When IP Isn't Enough


If you’ve already started transitioning your broadcast plant and workflows to IP, you’ve no doubt discovered one of life’s greatest ironies.

IP, it turns out, knows very little about the successful delivery of media.

IP can bring unbelievable adaptability and extendability to audio for live remote production. But you’ll still need a way to bring audio into the network, prioritize it to reduce packet dropouts and other quality issues, plus manage, process and do all those things you normally do with audio.

In short, you’ll need something that talks both IP and audio, and knows AES67. That’s where WheatNet-IP audio I/O BLADEs come in.

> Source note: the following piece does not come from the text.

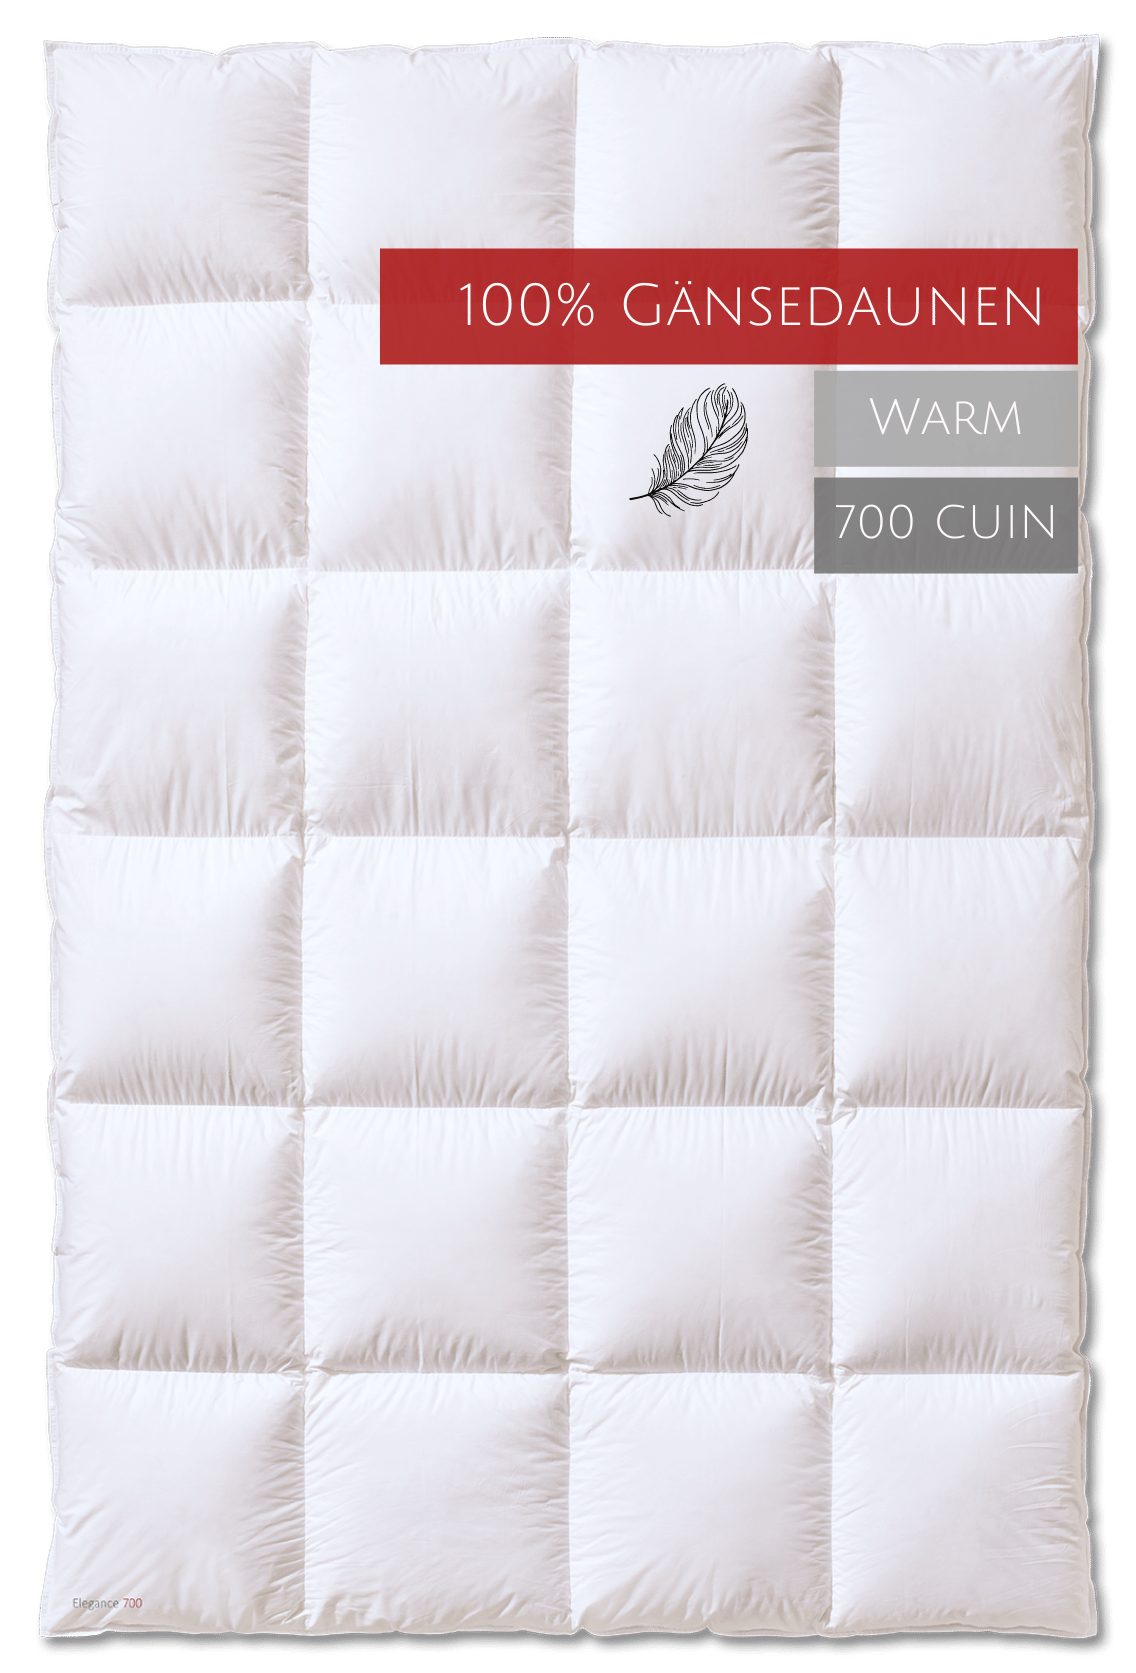 Gänsedaunen, Elegance Baumwolle, 700 Gänsedaunenbettdecke, "warm", 100% Bezug: allergikerfreundlich Füllung: Kauffmann, Wärmestufe

For example, the M4IP-USB BLADE is used at remote venues and in studios as an interface between the network and up to four microphones. It’s essentially a four-channel mic processor with four XLR inputs and an Ethernet output port, with parametric EQ, de-esser and compressors for each channel – all of which can be set and adjusted from a laptop. The M4IP-USB also has two 8-channel utility mixers that you can assign to be a very low latency IFB subsystem and/or premixer with remote control capability in a network of other BLADEs. It includes built-in silence detection on all outputs with auto switchover and auto fall back for enhanced operational reliability, and USB ports for ingesting audio directly from computers and other devices. And most importantly, as an I/O BLADE, it can route audio streams to anywhere in the network.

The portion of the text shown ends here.